O governo tem que acabar com os castigos corporais, melhorar nossa comida e dar anistia
a todos os revoltosos. Senão, a gente bombardeia a cidade, dentro de 12 horas. (carta de
João Cândido, líder da revolta)
E complementava:

"Não queremos a volta da chibata. Isso pedimos ao presidente da República e ao ministro


da Marinha. Queremos a resposta já e já. Caso não a tenhamos, bombardearemos as
cidades e os navios que não se revoltarem."

Surpreendido e sem capacidade de resposta, o governo, o Congresso e a Marinha divergiam quanto


à resposta, pois a subversão da hierarquia militar é um dos principais crimes nas Forças Armadas. A
população da então Capital, num misto de medo e curiosidade, permaneceu em estado de alerta,
parte dela refugiando-se longe da costa enquanto outros se dirigiram à orla para assistir o
bombardeamento ameaçado pelos marinheiros.
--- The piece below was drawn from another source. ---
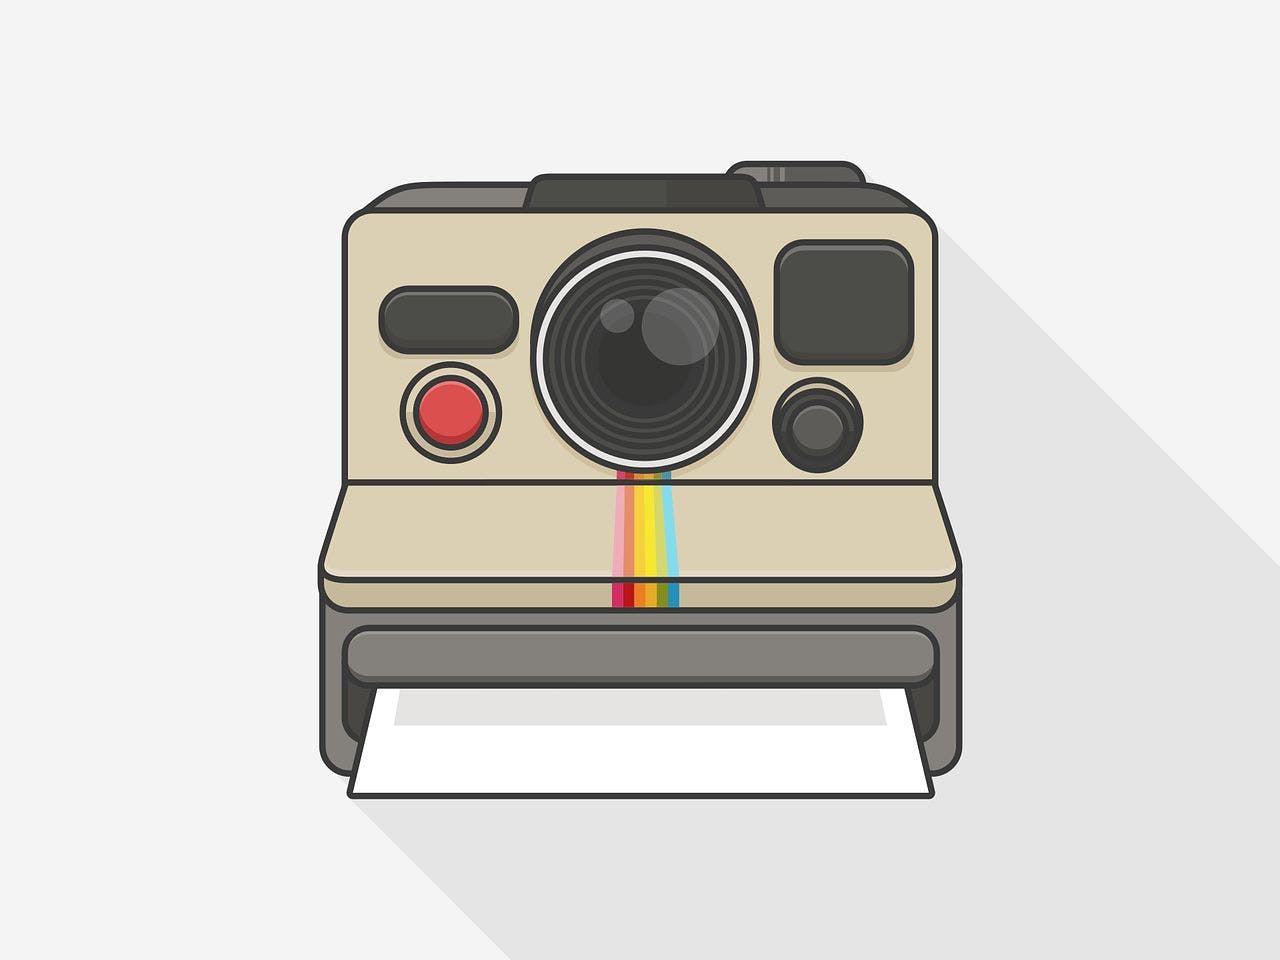 featured image - Instagram Marketing: 3 Common Mistakes to Avoid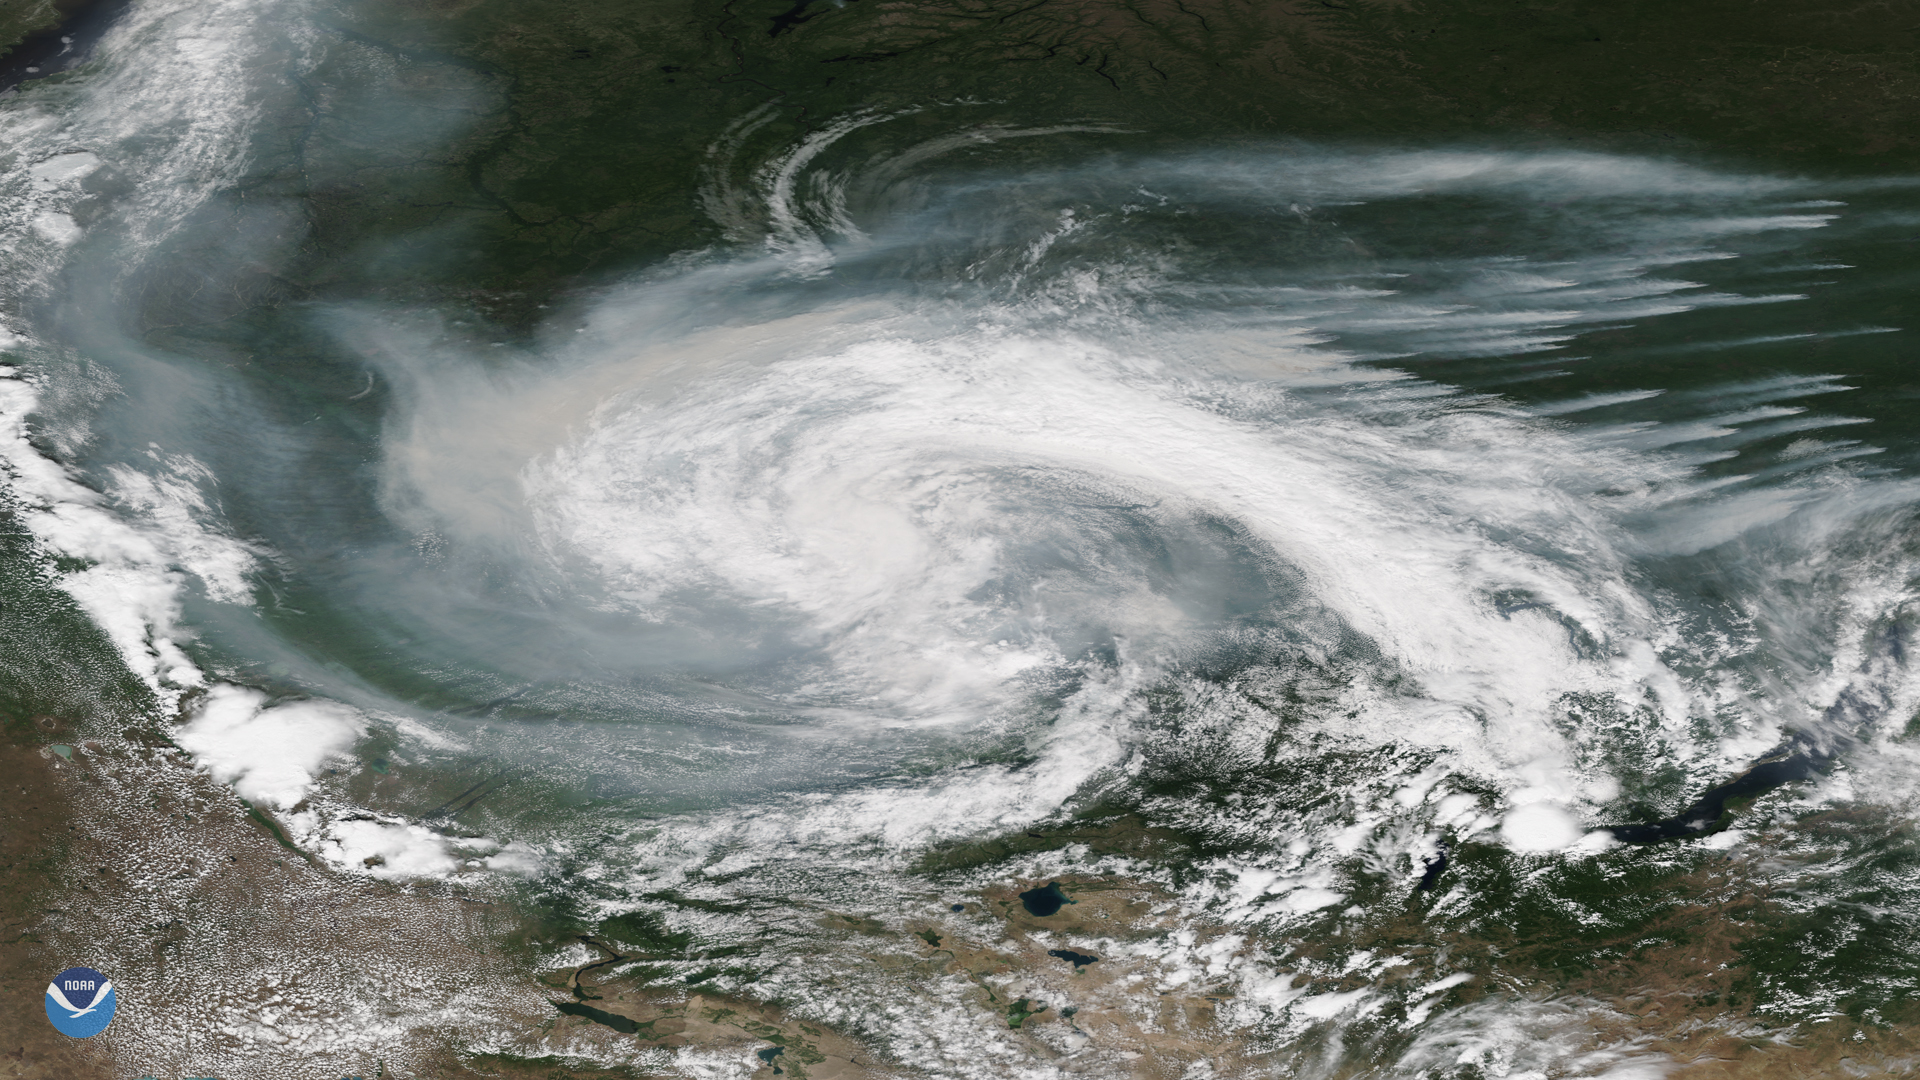 Wildfire Smoke Gets Trapped in Low Pressure System Over Russia

A Marinha esboçou um ataque aos revoltosos com dois navios menores, mas além de rechaçá-lo,
estes bombardearam as instalações na ilha das Cobras.

Quatro dias mais tarde, a 26, o governo do presidente marechal Hermes da Fonseca declarou aceitar
as reivindicações dos amotinados, abolindo os castigos físicos e anistiando os revoltosos que se
entregassem. Estes, então, depuseram armas e entregaram as embarcações. Entretanto, dois dias
mais tarde, a 28, alguns marinheiros foram expulsos da Marinha, sob a acusação de "incoveniente à
disciplina".

A 4 de dezembro, quatro marujos foram presos, sob a acusação de conspiração. Em meio a uma
forte onda de boatos, isolados e desorganizados, os fuzileiros navais sublevaram-se na ilha das
Cobras (dia 9 do mesmo mês), sendo bombardeados durante todo o dia, mesmo após hastearem a
bandeira branca. De seiscentos revoltosos, sobreviveram pouco mais de uma centena, detidos nos
calabouços da antiga Fortaleza de São José da Ilha das Cobras. Entre esses detidos, dezoito foram
recolhidos à cela n° 5, escavada na rocha viva. Ali foi atirada cal virgem, na véspera do Natal. Após
vinte e quatro horas, apenas João Cândido e o soldado naval Pau de Lira sobreviveram. Cento e
cinco marinheiros foram desterrados para trabalhos forçados nos seringais da Amazônia, tendo sete
destes sido fuzilados nesse trânsito.

Apesar de se declarar contra a manifestação, João Cândido também foi expulso da Marinha, sob a
acusação de ter favorecido os rebeldes. O Almirante Negro, como foi chamado pela imprensa, um
dos sobreviventes à detenção na ilha das Cobras, foi internado no Hospital dos Alienados em Abril
de 1911, como louco e indigente. Ele e dez companheiros só seriam julgados e absolvidos das
acusações dois anos mais tarde, em 1 de dezembro de 1912.

Conclusão
Embora seja indiscutível a validade dos argumentos dos marinheiros em 1910, a revolta não
apresentava nenhum projeto de transformação social mais amplo. O seu objetivo era apenas e tão-
somente a extinção dos castigos corporais e a melhoria das condições de vida e trabalho da
categoria a bordo das embarcações da armada.